Q. What do you call 47 millionaires around a TV watching the Super Bowl ? 

A. The Detroit Lions. 



Q. What do the Detroit Lions and Billy Graham have in common? 

A. They both can make 70,000 people stand up and yell 'Jesus Christ'. 



Q. How do you keep the Detroit Lions out of your yard? 

A. Put up a goal post. 



Q. Where do you go in Detroit in case of a tornado? 

A. To the Detroit Lions Stadium - they never have a touchdown there! 



Q. What do you call a Detroit Lion with a Super Bowl ring? 

A. A thief. 



Q. What's the difference between the Detroit Lions and a dollar bill? 

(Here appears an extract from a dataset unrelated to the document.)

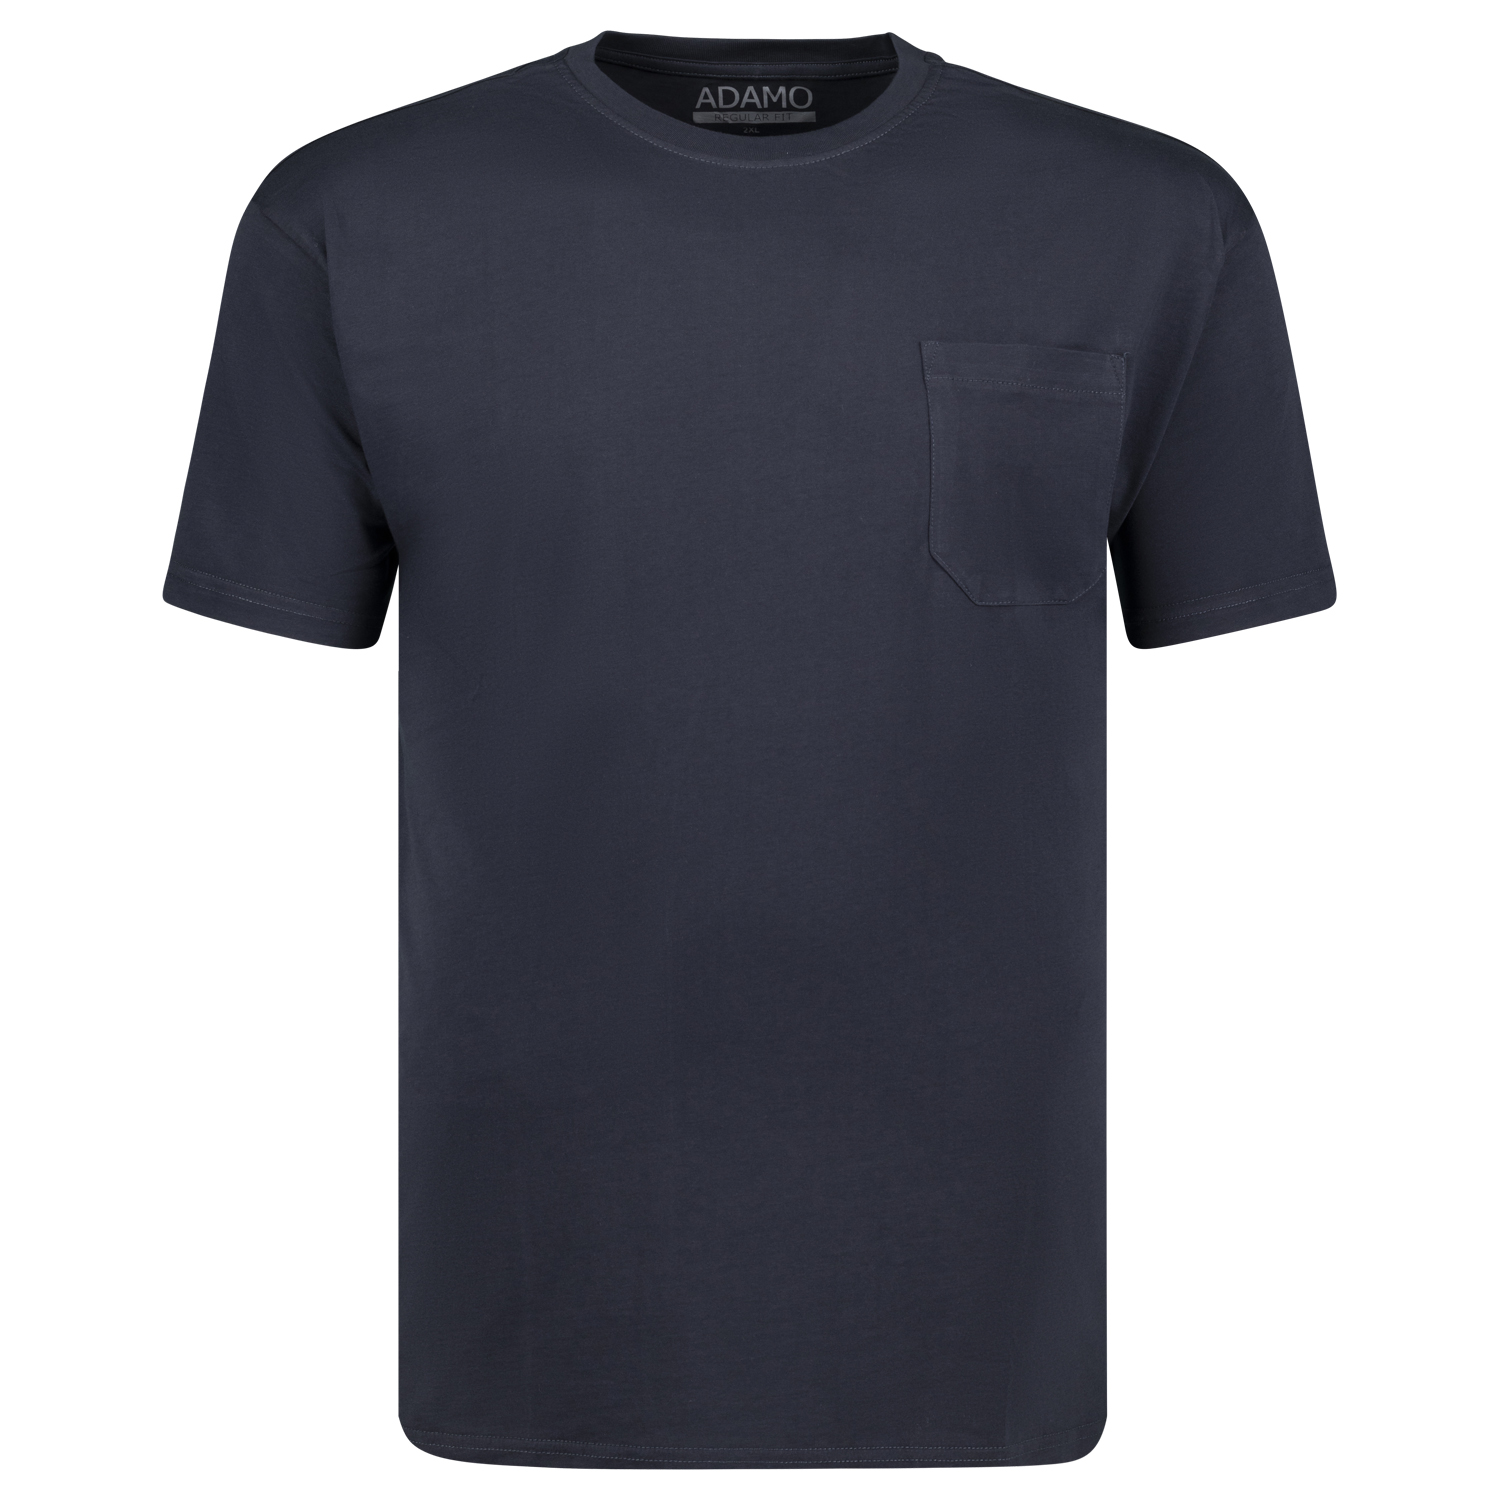 T-shirts série KODY by ADAMO jusqu'à la grande taille 10XL - couleur: bleu marine

A. You can still get four quarters out of a dollar bill. 



Q. How many Detroit Lions does it take to win a Super Bowl? 

A. Nobody knows and we may never find out. 



Q. What do the Detroit Lions and a possums have in common? 

A. Both play dead at home and get killed on the road. 

:lol:


----------



## JACKIEGAGA (Dec 11, 2006)

Aren't you tough on the Lions Matt Millen is gone things will get better. 
Those are some great lines:hurah:


----------



## tcusta00 (Dec 31, 2007)

Even recycled for the current horrible team they're still funny. :lol:


----------



## nn8l (Sep 7, 2007)

Why doesn't Grand Rapids have a Professional football team? Because then Detroit would want one.


----------



## jodyguercio (Aug 16, 2007)

Bitter part of one your table is now ready........:lol:


----------